*** MATERIALS PROVIDED
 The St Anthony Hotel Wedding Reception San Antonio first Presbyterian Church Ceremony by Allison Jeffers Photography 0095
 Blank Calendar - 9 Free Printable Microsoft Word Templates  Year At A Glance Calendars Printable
******
*** MATERIALS PROVIDED
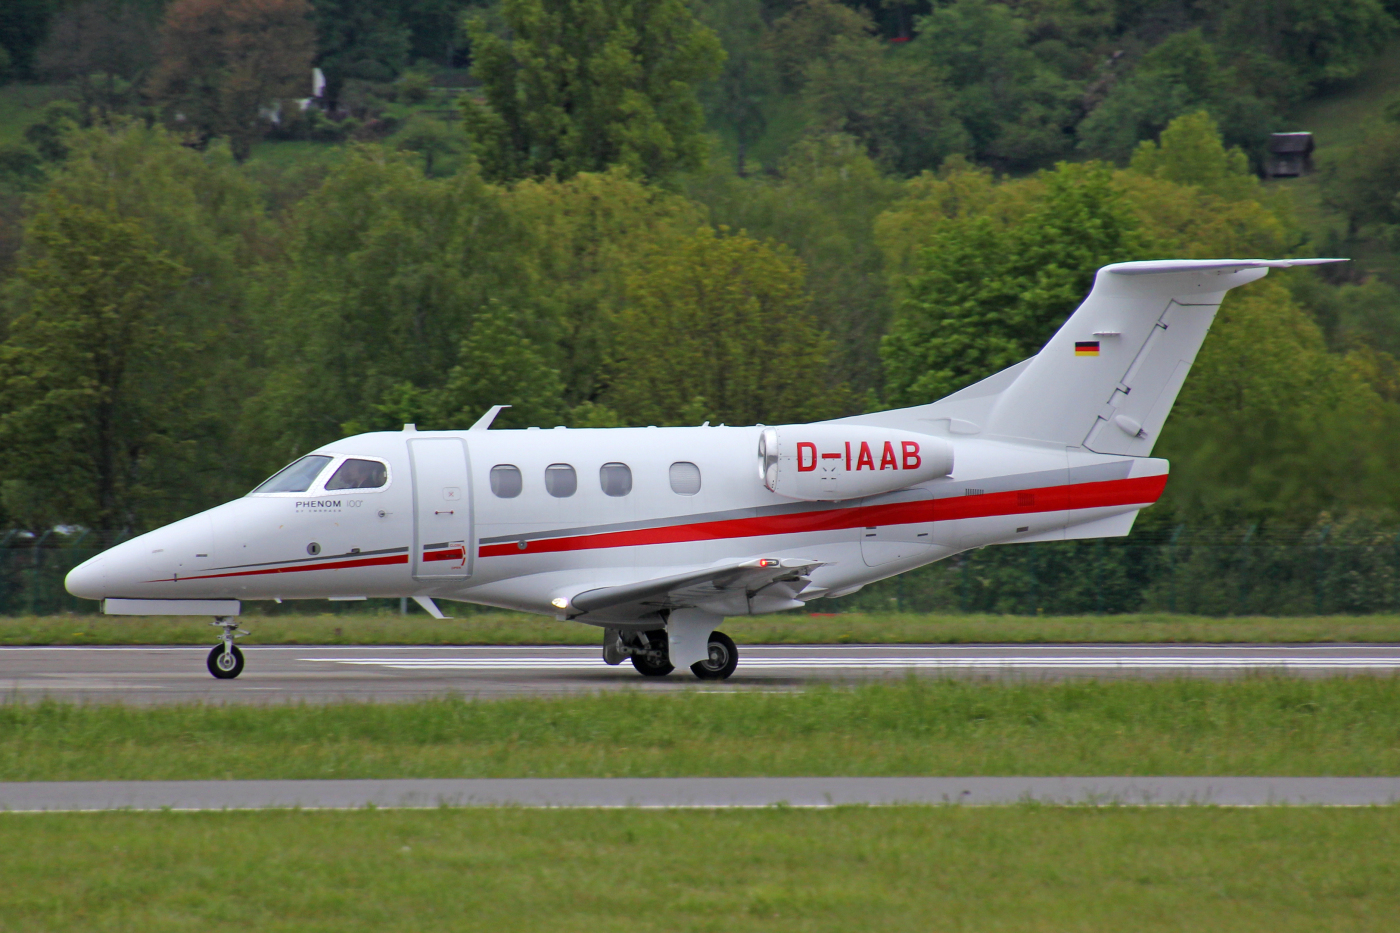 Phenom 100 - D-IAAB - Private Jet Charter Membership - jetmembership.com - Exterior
******
*** MATERIALS PROVIDED
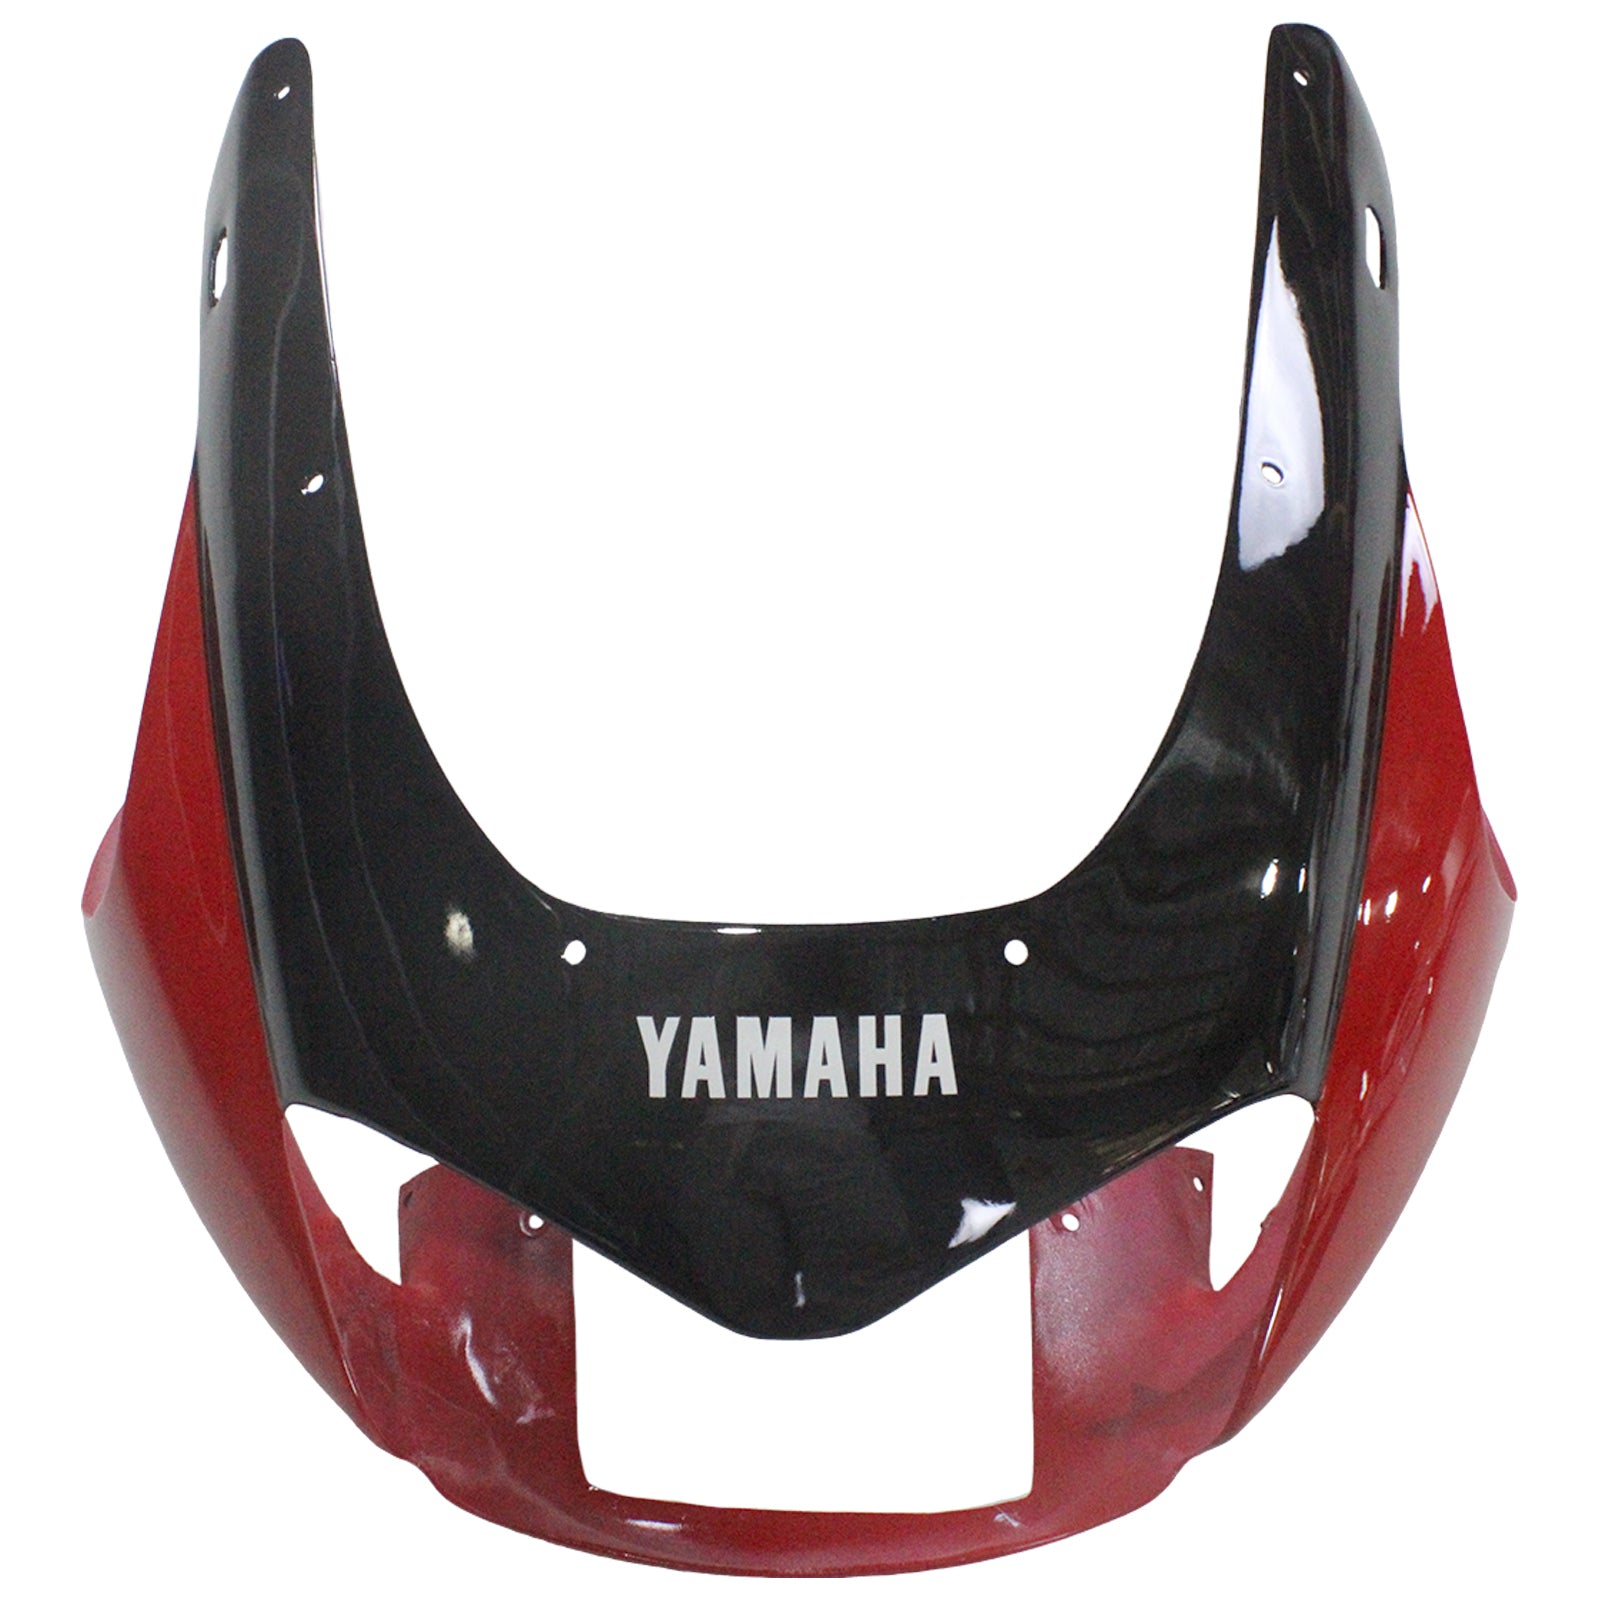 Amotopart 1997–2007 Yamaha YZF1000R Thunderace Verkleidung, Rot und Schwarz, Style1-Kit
******
TASK PROMPT —
Look through the material above and print exactly the lines from the one containing "The St Anthony" to the one containing "Blank Calendar - 9", both included, and nothing more.

WRITTEN ANSWER —
 The St Anthony Hotel Wedding Reception San Antonio first Presbyterian Church Ceremony by Allison Jeffers Photography 0095
 Blank Calendar - 9 Free Printable Microsoft Word Templates  Year At A Glance Calendars Printable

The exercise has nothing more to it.